— Комиссия не может ошибаться! — твердо сказал председатель.
— Надо измерить рулеткой! Принесите новую рулетку! — потребовал Пивень.
— Рулетки дефицит, — тихо сказал дядя Эля. — У нас в Арктике неважно со снабжением. Консервированные ананасы есть, рулеток нет. Я тут десятую навигацию, их не завозили ни разу. Могу измерить деревянным метром, взять его из магазина, хотя и не имею права. Им нельзя мерить чужеродные предметы, метр стирается или, наоборот, на него что-нибудь налипает. Но вам, Федот Федотыч, я могу пойти навстречу, если разрешит председатель.

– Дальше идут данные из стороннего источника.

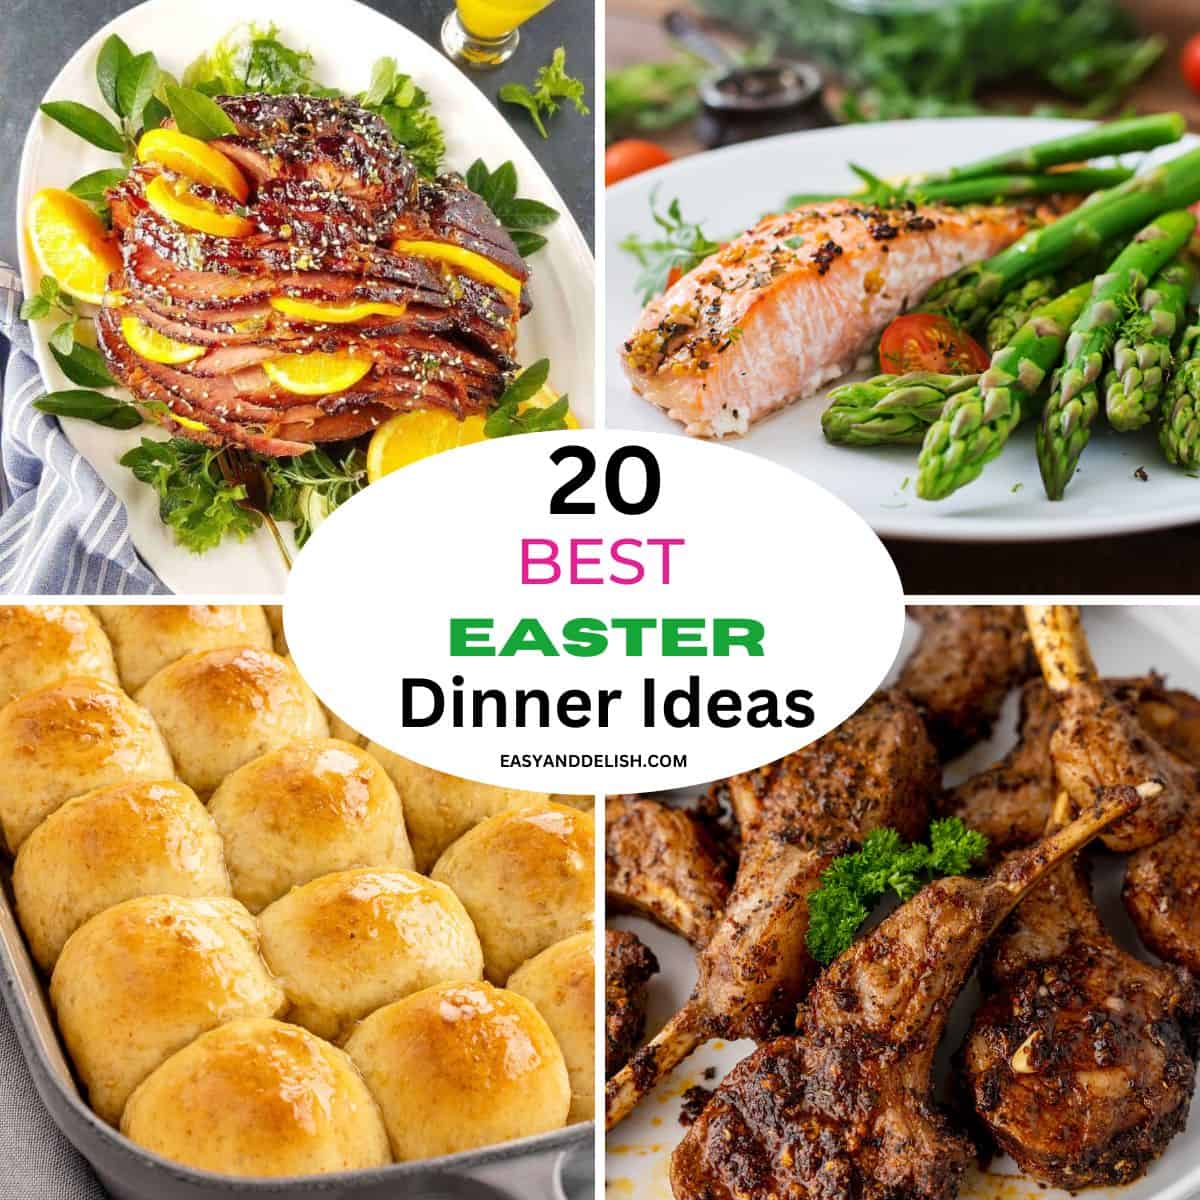 Collage showing 4 out of 20 best Easter dinner ideas.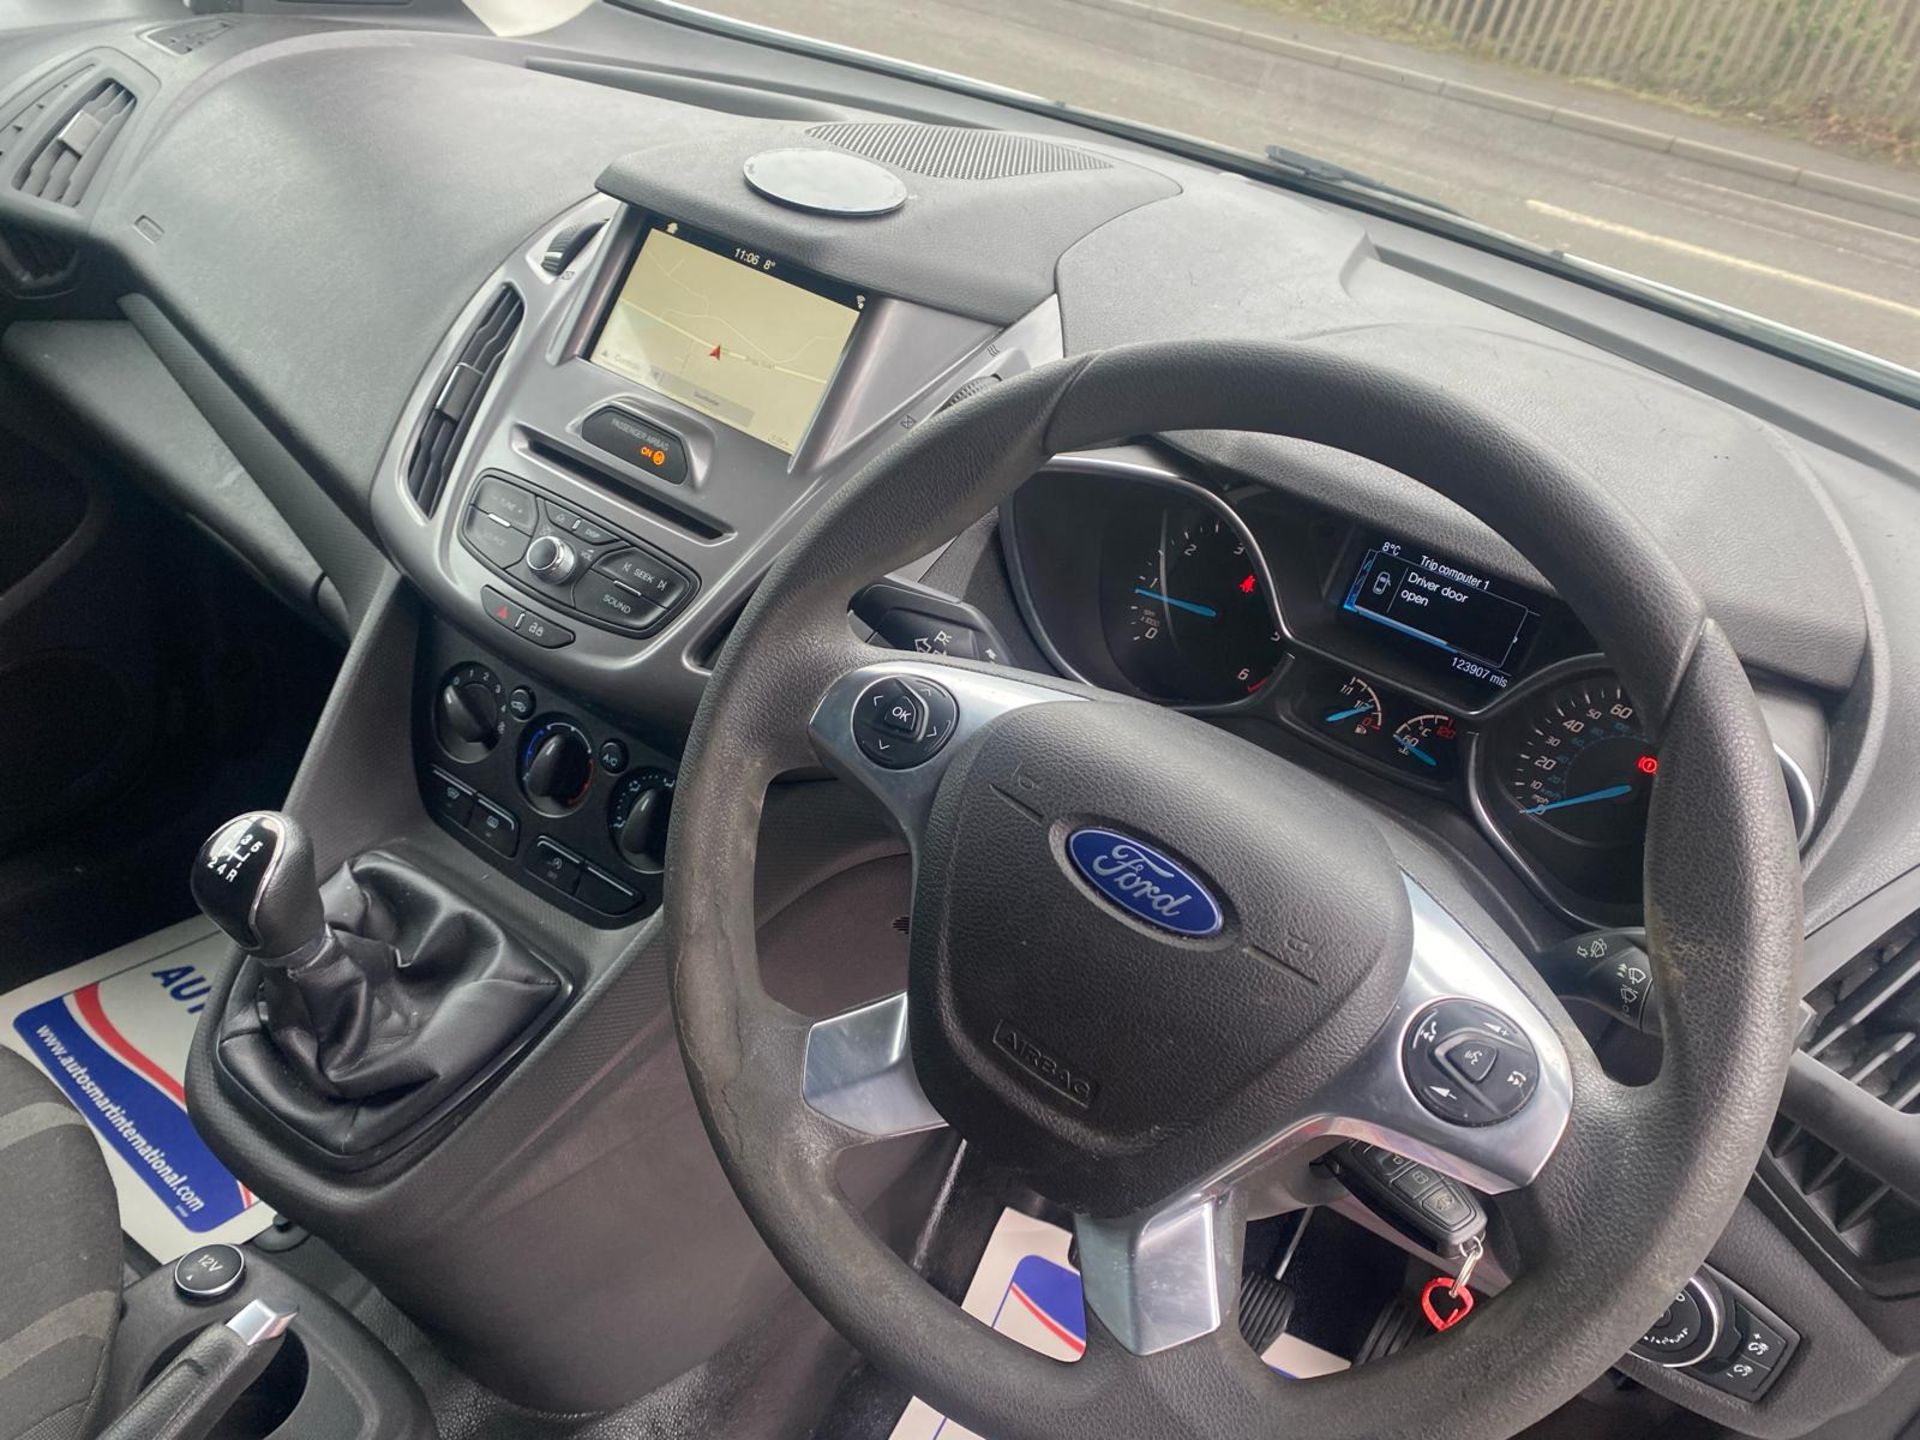 2017 17 FORD TRANSIT CONNECT TREND PANEL VAN - 3 SEATS - AIR CON - EURO 6 - REVERSE CAMERA - Image 10 of 13

— Разрешаю, — сказал Кащеев. Уж он-то теперь был уверен, если дядя Эля справился с заданием, имея сантиметр, то с деревянным метром он справится не хуже.
— Составляйте акт, — обратился председатель к комиссии.
— Я этот акт не подпишу, — заявил Пивень.
— Впрочем, — заметил Кащеев, — кит стандартный, и в акте нет необходимости вообще.
— Но у нас конфликтная ситуация! — кричал Пивень.
— Конфликт исчерпан.
— Я буду жаловаться!
— Как хотите, — развел руками председатель. — Это ваше право. Но комиссия составит акт о том, что кит стандартный, и я первым поставлю свою подпись. Допустить порчу продукции я не имею права. Приступайте к разделке! — приказал он бригадиру.
На ките закипела работа.
— Вы чем-то огорчены? — спросил участливо дядя Эля.
— Как я с вами опростоволосился! Никогда этого не прощу! — метал громы и молнии Пивень.
— Я не совсем понимаю, — пытался сыграть недоумение и обиду дядя Эля.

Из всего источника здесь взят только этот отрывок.